All the good things that involves. All the bad things. I nod.

“So we’ll tell ‘em?” He’s looking at me now. I see him. “Yeah.”

It’s agreed, and I must confess that I myself get obsessed with the idea. I want to run up immediately and tell everyone. Just to let it out of me. Instead, I concentrate on what lies ahead before it. I have three fights of my own to survive, and I must watch Rube fight and the way his opponents fight him. I can’t make the same mistakes they make. I’ve gotta go the distance, and for his sake, I have to give him a fight, not just another win.

To my own surprise, I win my next fight — a points decision.

Right after me, Rube puts the Hitman to bed midway through the fourth round.
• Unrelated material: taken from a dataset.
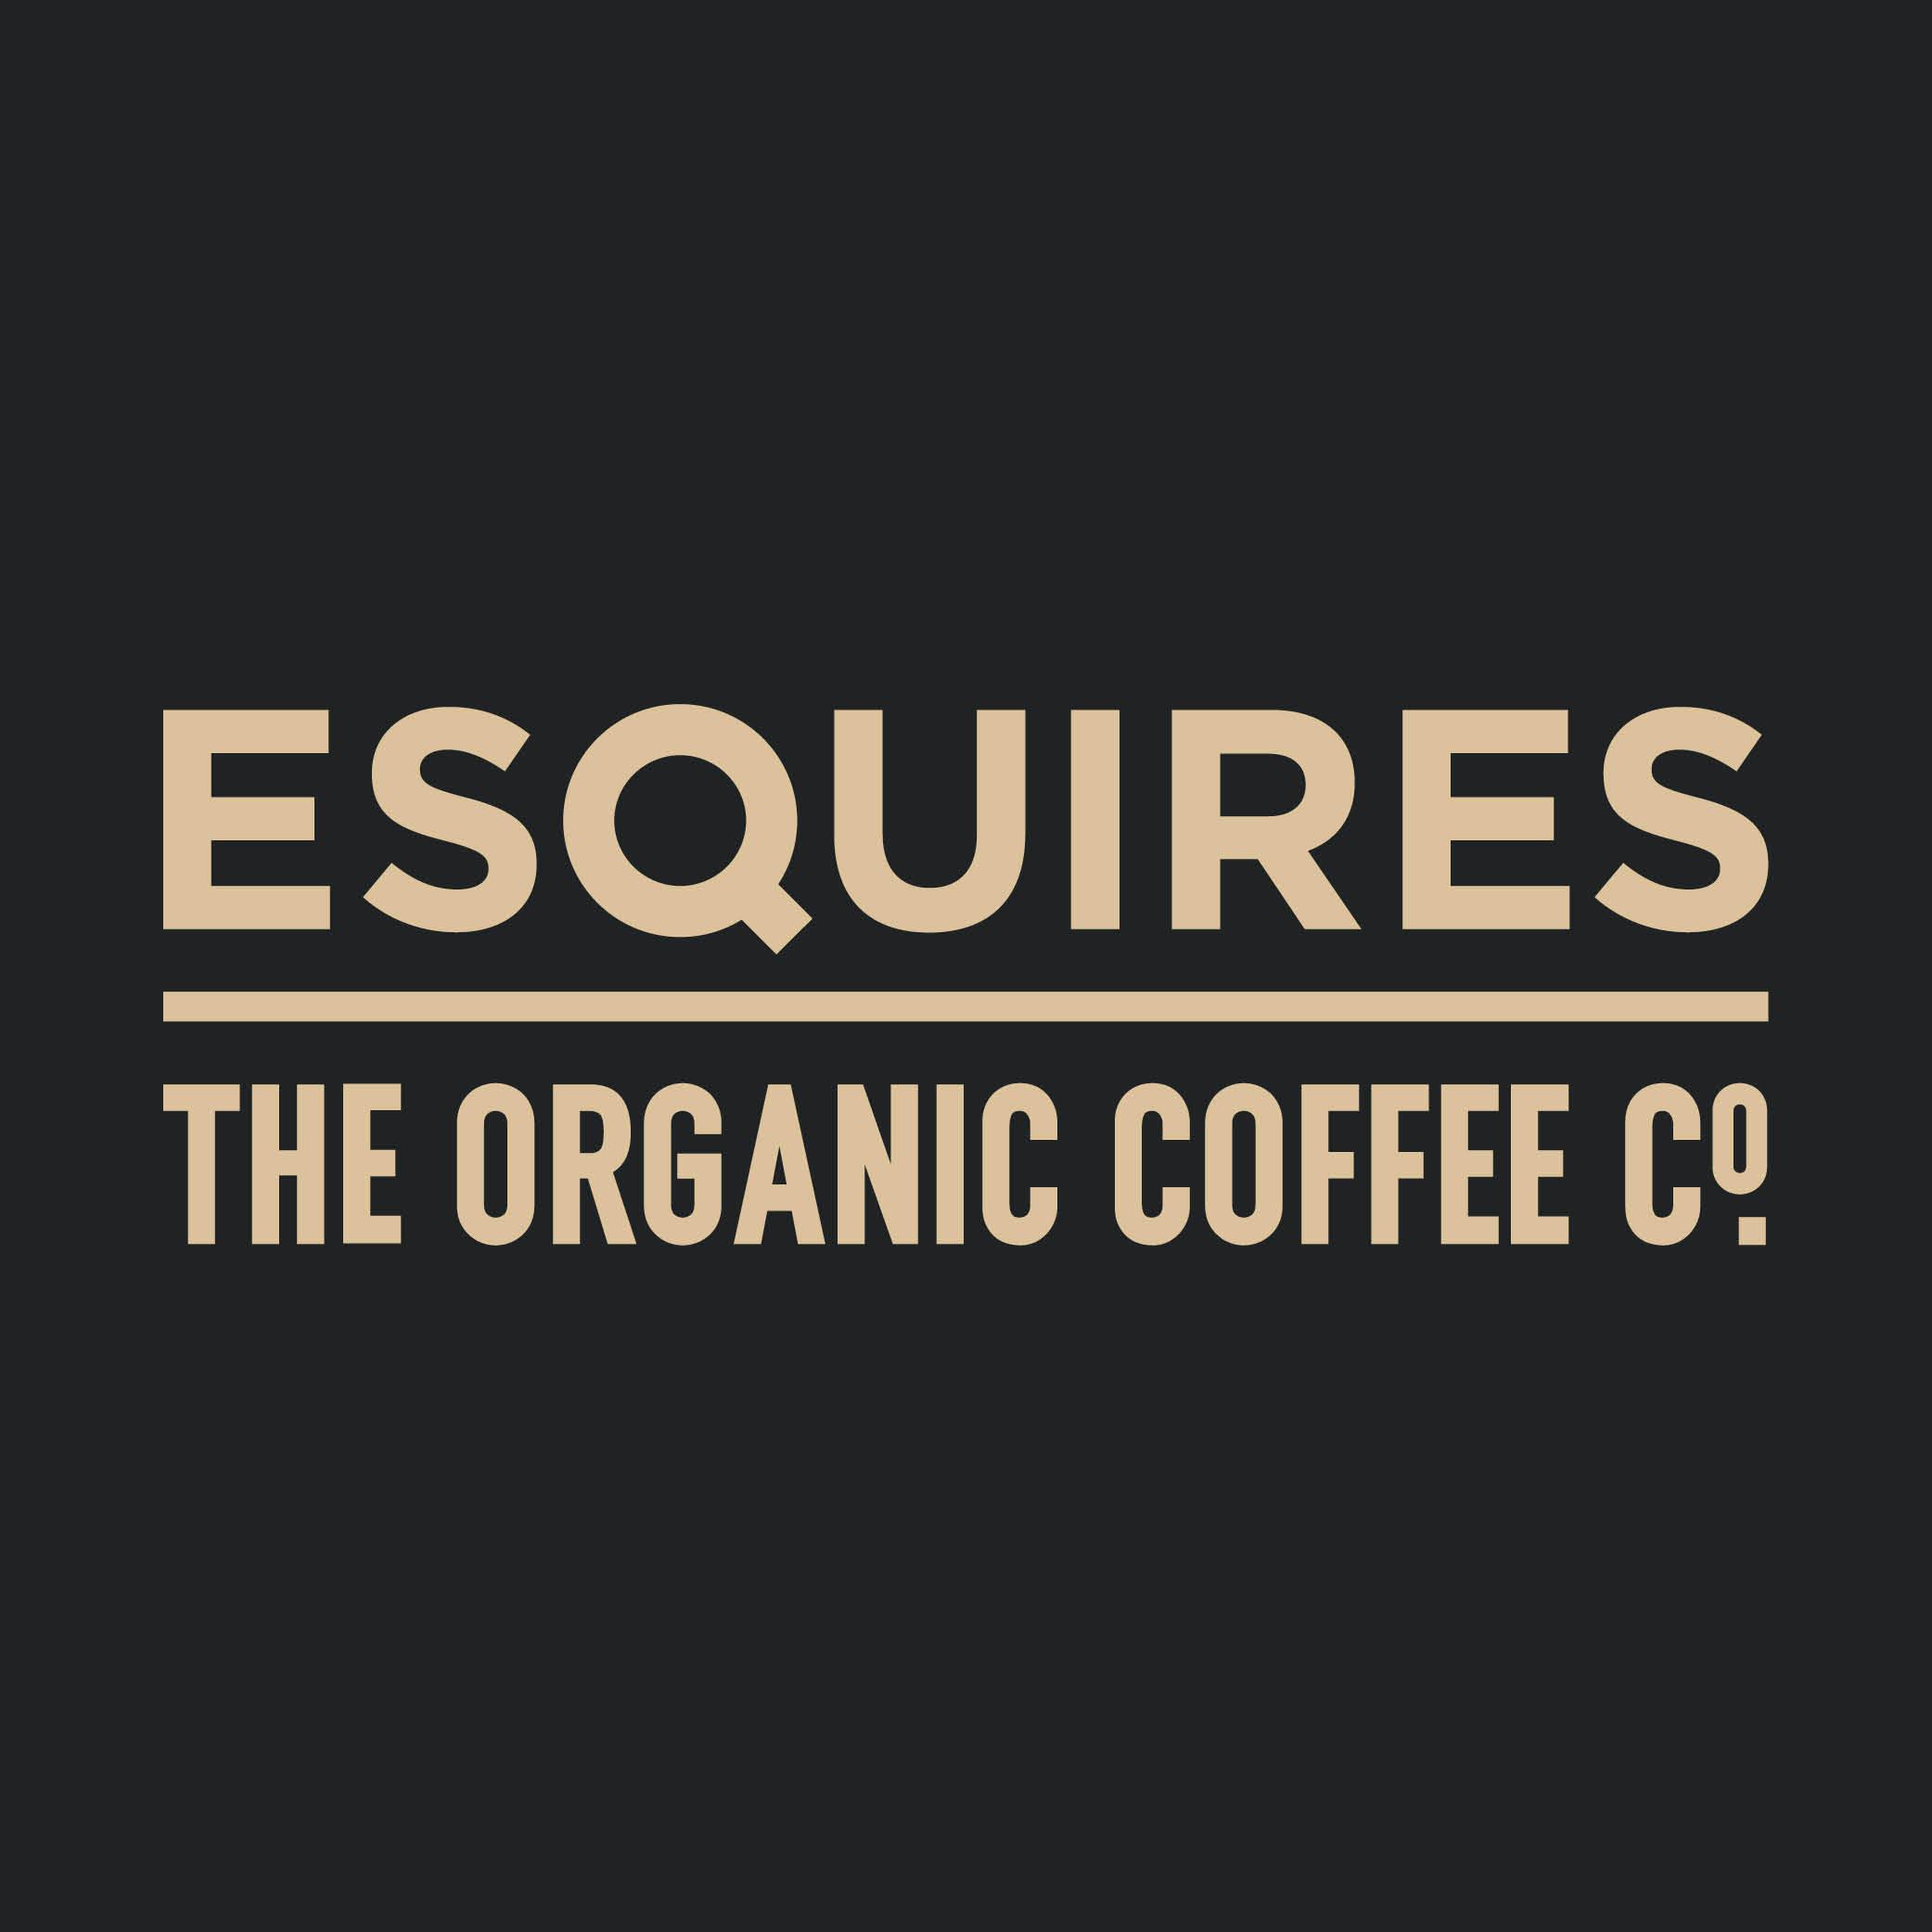 Esquires Coffee Houghton Regis - Dunstable, Bedfordshire LU5 6TW - 07561 769490 | ShowMeLocal.com

The week after, I lose in the fifth, and the last fight before my meeting with Rube is a good one. It’s at Maroubra, and compared with my first ever bout there, this time, I walk in and throw punches without hesitating. I’m not scared of being hit anymore. Maybe I’ve grown used to it. Or perhaps I know that the end is near for me. The guy I’m fighting doesn’t come out for the last round. He’s too wobbly, and I feel for him. I know how it feels to not want the last round. I know how it feels to concentrate hard on just standing, let alone even thinking about throwing punches. I know how it is for the fear to outweigh the physical pain.

Watching Rube fight later, I see something.

I find out why no one beats him, or why they don’t even come close. It’s because they don’t think they can win. They don’t believe they can do it, and they don’t want it badly enough.

To survive him, I have to believe I can beat him.

It’s easier said than done.


“Hey Cam?”

“It’s about time.”

“About time for what?”

“About time you started the talkin’.”

“I’ve got somethin’ important to say.“Yeah?”

“We’ll tell ‘em tomorrow.”

“Y’ sure?”

“Yes. I’m sure.”

“When?”

“After dinner.”

“Where?”

“Kitchen.”

“Okay.”

“Good. Now shut up. I wanna get some sleep.”

Later, when he starts snoring, I tell him.

“I’m gonna beat you.” But personally, I’m not really too convinced.